MySQL software is Open Source.

Open Source means that it is possible for anyone to use and modify the software. Anybody can download the MySQL software from the Internet and use it without paying anything. If you wish, you may study the source code and change it to suit your needs. The MySQL software uses the GPL (GNU General Public License), http://www.fsf.org/licenses/, to define what you may and may not do with the software in different situations. If you feel uncomfortable with the GPL or need to embed MySQL code into a commercial application, you can buy a commercially licensed version from us. See the section called “MySQL Licenses”.

The MySQL Database Server is very fast, reliable, and easy to use.

If that is what you are looking for, you should give it a try. MySQL Server also has a practical set of features developed in close cooperation with our users. You can find a performance comparison of MySQL Server with other database managers on our benchmark page. See the section called “The MySQL Benchmark Suite”.

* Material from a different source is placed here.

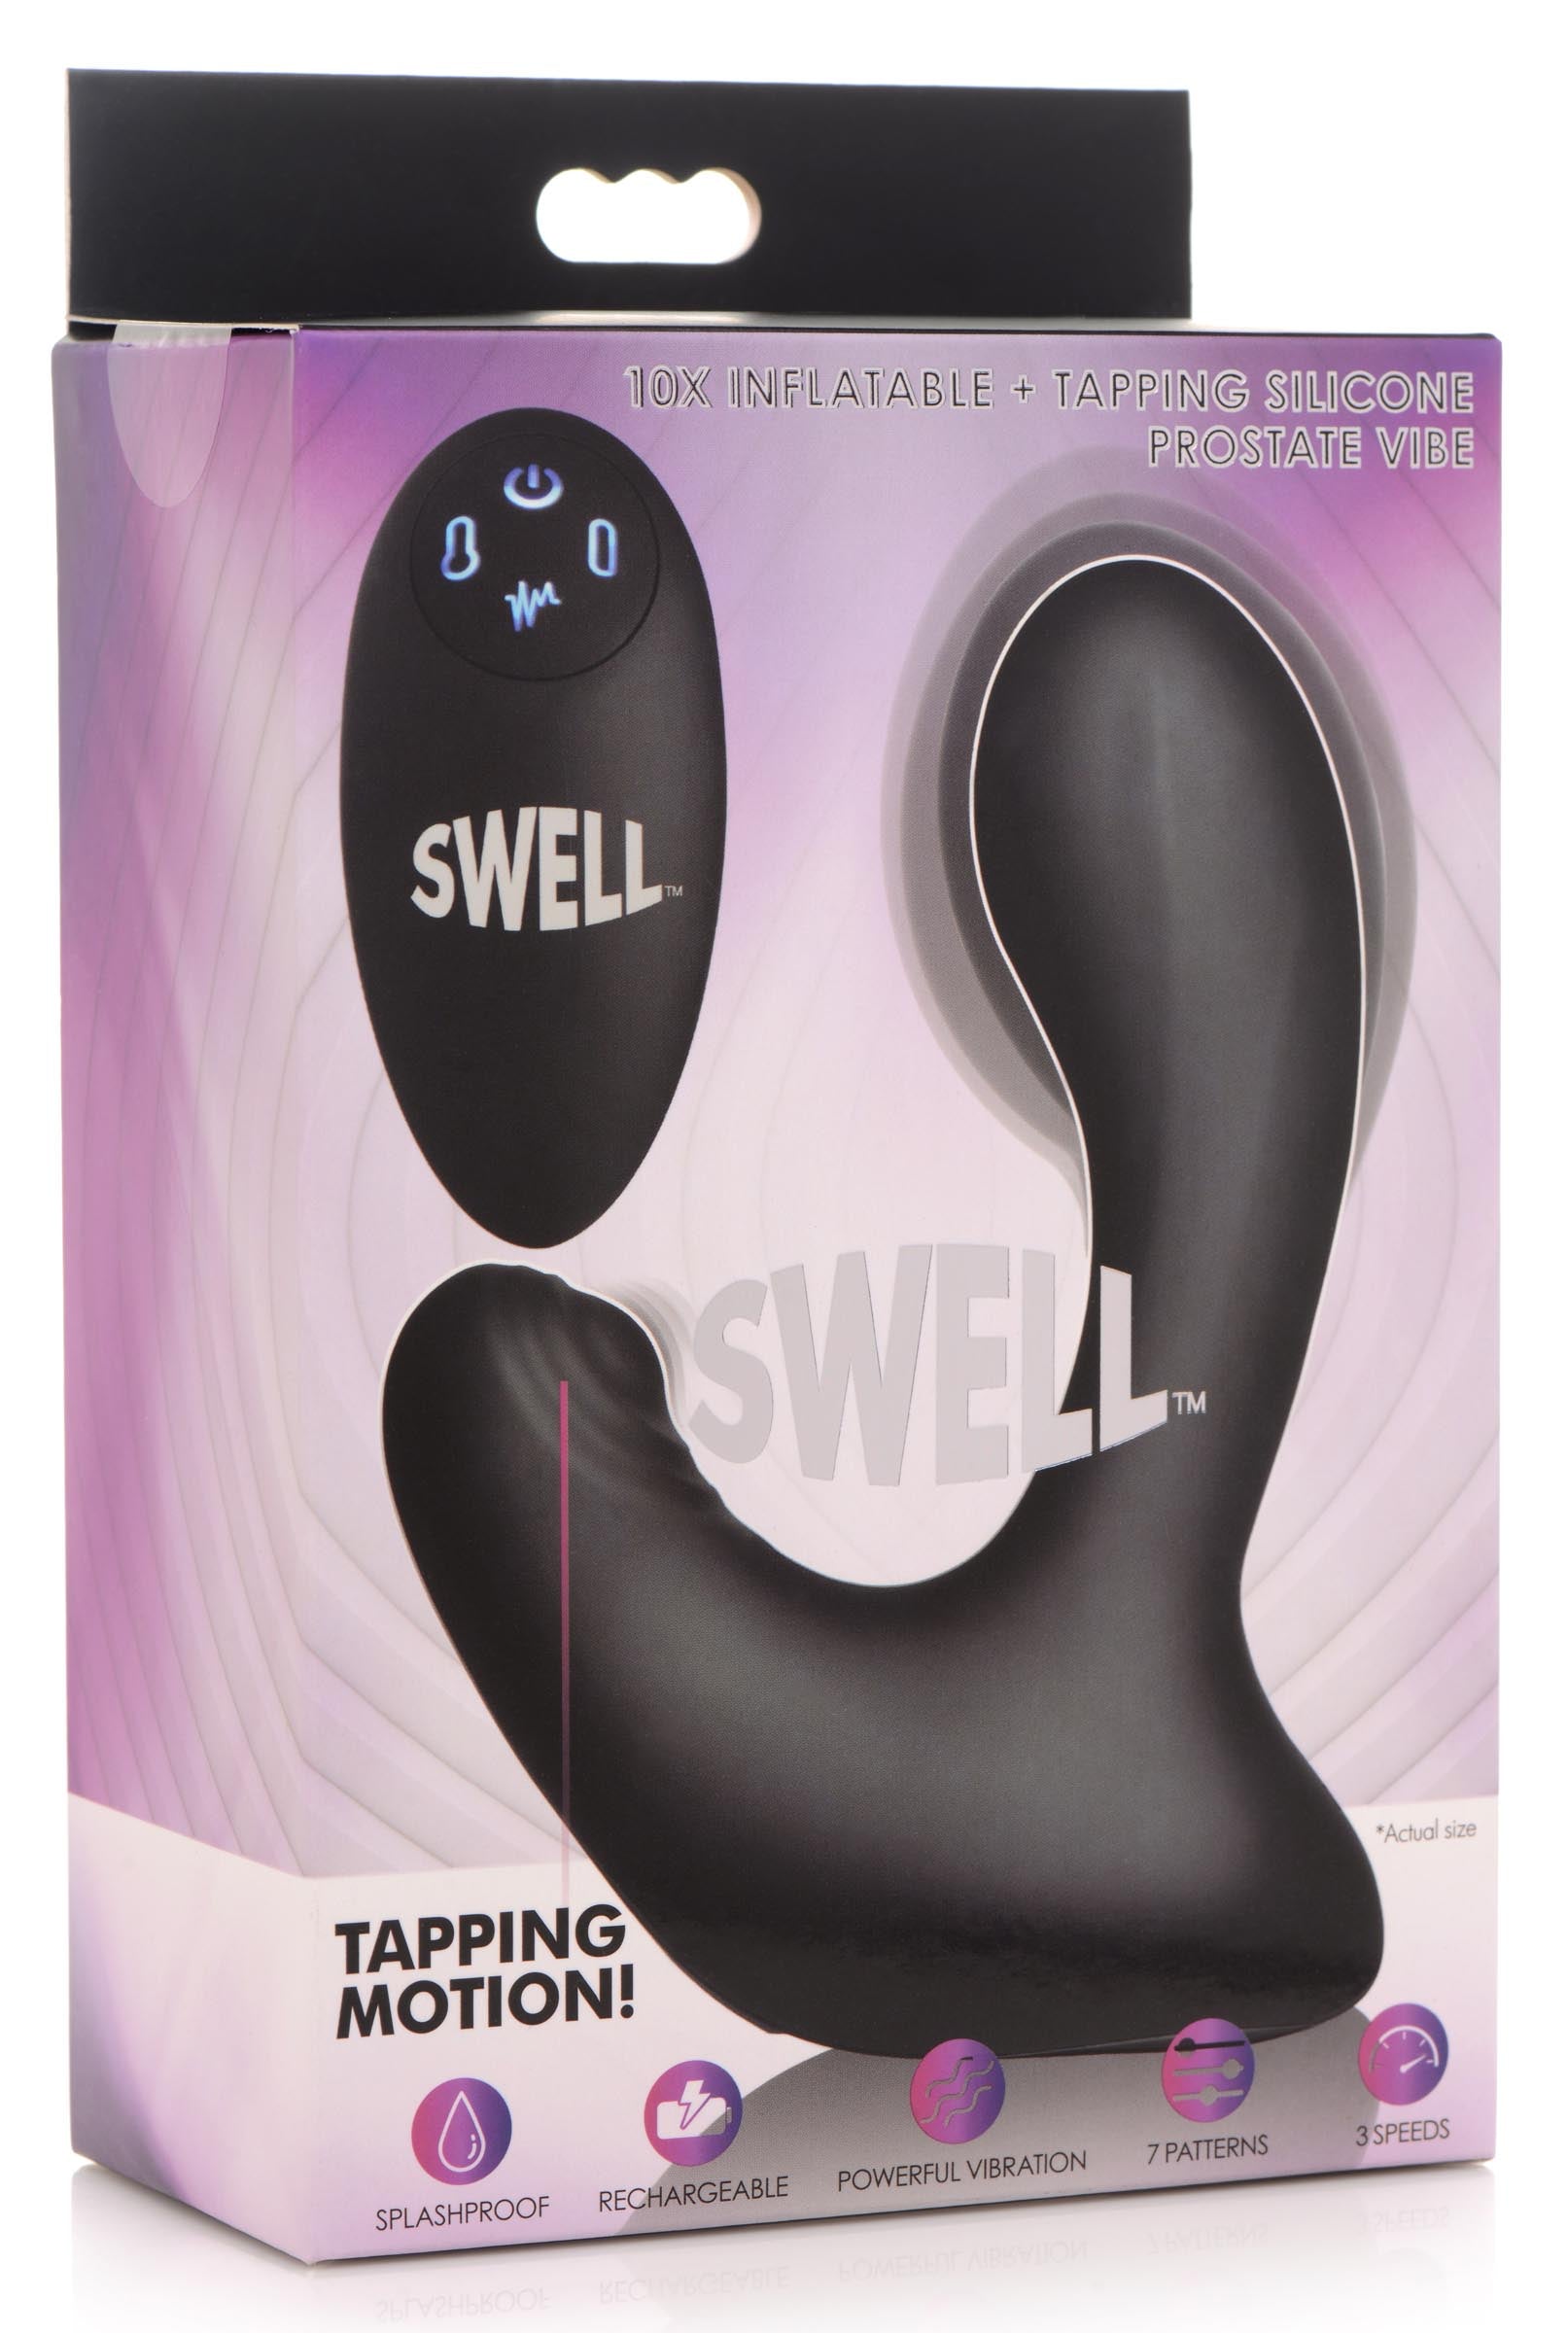 10X Inflatable and Tapping Silicone Prostate Vibrator - UABDSM

MySQL Server was originally developed to handle large databases much faster than existing solutions and has been successfully used in highly demanding production environments for several years. Although under constant development, MySQL Server today offers a rich and useful set of functions. Its connectivity, speed, and security make MySQL Server highly suited for accessing databases on the Internet.

MySQL Server works in client/server or embedded systems.

The MySQL Database Software is a client/server system that consists of a multi-threaded SQL server that supports different backends, several different client programs and libraries, administrative tools, and a wide range of application programming interfaces (APIs).

We also provide MySQL Server as an embedded multi-threaded library that you can link into your application to get a smaller, faster, easier-to-manage product.

A large amount of contributed MySQL software is available.

It is very likely that you will find that your favorite application or language already supports the MySQL Database Server.

The official way to pronounce “MySQL” is “My Ess Que Ell” (not “my sequel”), but we don't mind if you pronounce it as “my sequel” or in some other localized way.

History of MySQL

We started out with the intention of using mSQL to connect to our tables using our own fast low-level (ISAM) routines. However, after some testing, we came to the conclusion that mSQL was not fast enough or flexible enough for our needs. This resulted in a new SQL interface to our database but with almost the same API interface as mSQL. This API was designed to allow third-party code that was written for use with mSQL to be ported easily for use with MySQL.

The derivation of the name MySQL is not clear. Our base directory and a large number of our libraries and tools have had the prefix “my” for well over 10 years. However, co-founder Monty Widenius's daughter is also named My. Which of the two gave its name to MySQL is still a mystery, even for us.

The name of the MySQL Dolphin (our logo) is “Sakila,” which was chosen by the founders of MySQL AB from a huge list of names suggested by users in our “Name the Dolphin” contest. The winning name was submitted by Ambrose Twebaze, an Open Source software developer from Swaziland, Africa. According to Ambrose, the name Sakila has its roots in SiSwati, the local language of Swaziland. Sakila is also the name of a town in Arusha, Tanzania, near Ambrose's country of origin, Uganda.

The Main Features of MySQL

The following list describes some of the important characteristics of the MySQL Database Software. See also the section called “MySQL Development Roadmap” for more information about current and upcoming features.

Internals and Portability
  • Written in C and C++.

  • Tested with a broad range of different compilers.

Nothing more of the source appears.